The shape shown in FIGS. 4(a) to 4(C) and other shapes may be used. Valve plate 16. Since a pinion and rack mechanism are used to move valve plates 16 and 17, only one driving source is required to move both valve plates 16 and 17.
can be moved in opposite directions, and the amounts of movement can be made equal. A rotary air cylinder is suitable as a drive source for the pinion 20. Valve plate 16. In order to move the valve plates 16.17, each valve plate 16. A pair of actuators can be used to individually move the actuators 17, preferably air cylinders, for example. Such air cylinders may be arranged, for example, in the upper part of the valve casing 11, or alternatively, they may be arranged separately above and below the valve casing. Effects of the Invention As described above, according to the present invention, since both of the pair of valve plates are movable, by moving both movable valve plates in the opening direction, these valve plates remain in the fluid passage when the valve is fully opened. Not only can a large opening area be obtained by preventing this, but also because the valve opening is narrowed down in the center of the fluid passage, high-speed flow is not generated near the inner peripheral surface of the valve casing. This prevents leakage due to damage to the seat ring and erosion in the downstream opening. By using a pinion and rack mechanism as the drive unit for moving the valve plate, both valve bodies can be moved relative to each other with only one drive source, and the amount of movement can be made equal.

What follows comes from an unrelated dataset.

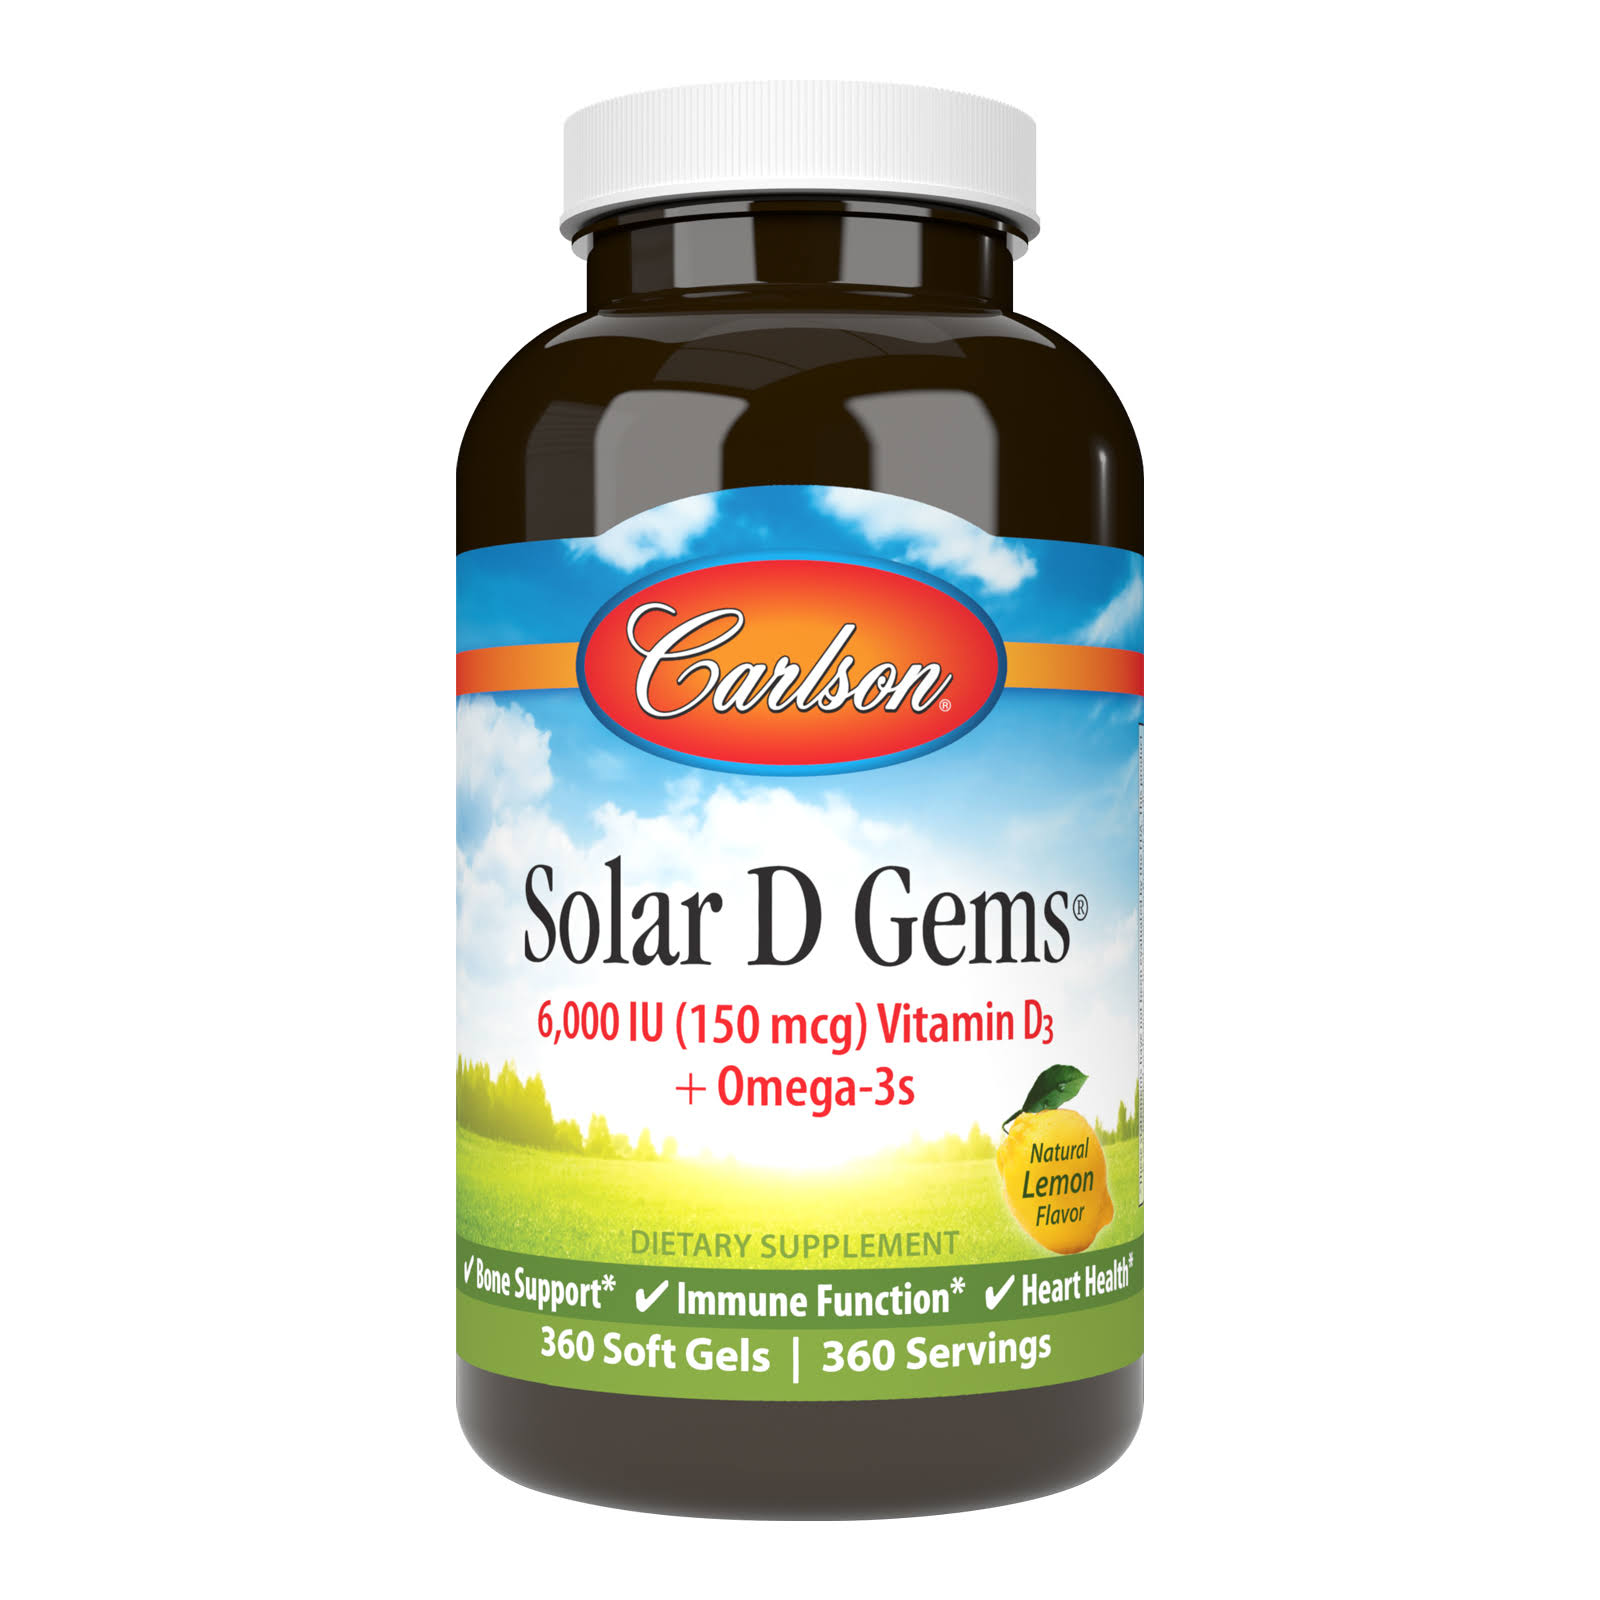 Carlson - Solar D Gems 6000 IU (150 mcg) Vitamin D3, 115 MG Omega-3 EPA and DHA, Vitamin D Fish Oil Capsule, Lemon, 360 Softgels

[Brief explanation of the drawing]

Fig. 1 is a sectional view of a double disc control valve according to an embodiment of the present invention, Fig. 2 is a front view of the opening in the movable valve plate of Fig. 1, and Fig. 3 is a diagram showing the operating state of the movable valve plate. , FIG. 4 is a diagram showing a modification of the opening of the movable valve plate, and FIG. 5 is a perspective view of a conventional double disc control valve.

Claims (1)

[Claims] 1. A pair of moving valve plates each having an opening; each moving valve plate is arranged so that the respective openings overlap each other, and the overlap of both openings forms a valve opening. A double disc control valve characterized in that each movable valve plate is movable in opposite directions to each other, and the opening degree of the valve opening can be adjusted by this movement. 2. The double disc control valve according to claim 1, wherein each opening has a half portion formed in a circular shape according to the valve diameter, and the other portion formed in a tapered shape. 3. A drive unit for moving the movable valve plate, and this drive unit includes a rotationally driven pinion, a first rack that meshes with the pinion and is connected to one of the movable valve plates, and a first rack. 3. The double disc control valve according to claim 1, further comprising a second rack that engages the pinion on the opposite side and is connected to the other movable valve plate. 4. The double disc control valve according to claim 1 or 2, further comprising a drive section for moving the movable valve plates, and the drive section having a pair of actuators for respectively moving each movable valve plate.